Medical commentator John Campbell, Ph.D., analyzed a South Korean peer-reviewed study that found statistically significant increases in the incidence of Alzheimer's disease and mild cognitive impairment in people who received a COVID-19 vaccine — particularly mRNA vaccines — within three months of post-vaccination.

A South Korean peer-reviewed study found statistically significant increases in the incidence of Alzheimer's disease and mild cognitive impairment in people who received a COVID-19 vaccine — particularly mRNA vaccines — within three months of post-vaccination.

The South Korean researchers — who on May 28 published their findings in QJM: An International Journal of Medicine — said they undertook the study due to concerns of COVID-19 vaccine side effects, "particularly potential links to neurodegenerative diseases such as Alzheimer's disease."

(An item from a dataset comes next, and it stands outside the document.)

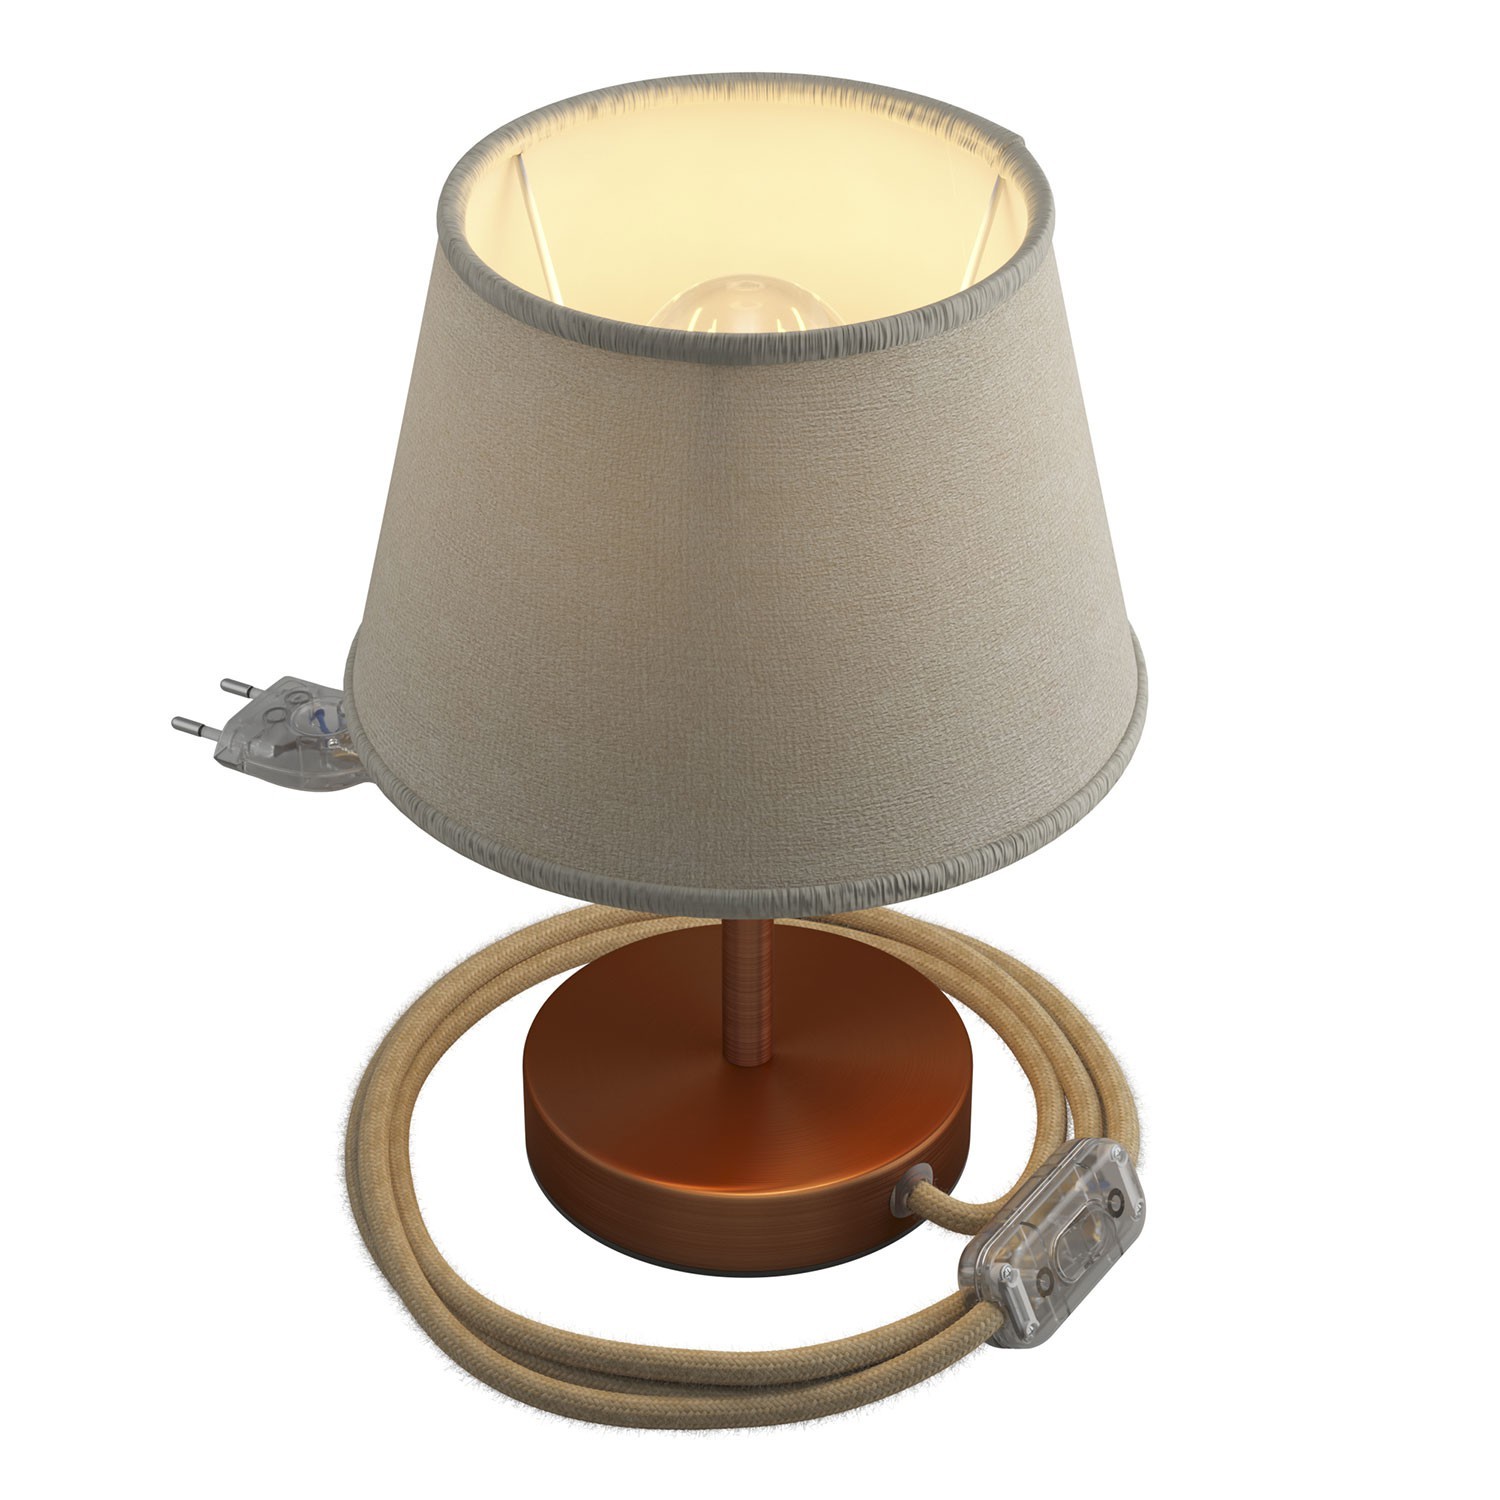 Alzaluce avec abat-jour Impero, lampe de table en métal avec fiche à deux pôles, câble et interrupteur

Medical commentator John Campbell, Ph.D., who analyzed the study on a July 22 episode of his YouTube show, asked why Western countries such as the U.S. or U.K. aren't investigating such potential links. "Why is it often the Asian countries that seem to be leading the way in openness on this?"

According to Campbell, part of what's preventing Western countries is that governments and pharmaceutical companies have refused to release low-level participant data. "Could it be that researchers in the West are working under limitations?"

In the South Korean study, researchers analyzed data from the Korean National Health Insurance Service from more than half a million residents of Seoul, South Korea, age 65 and older.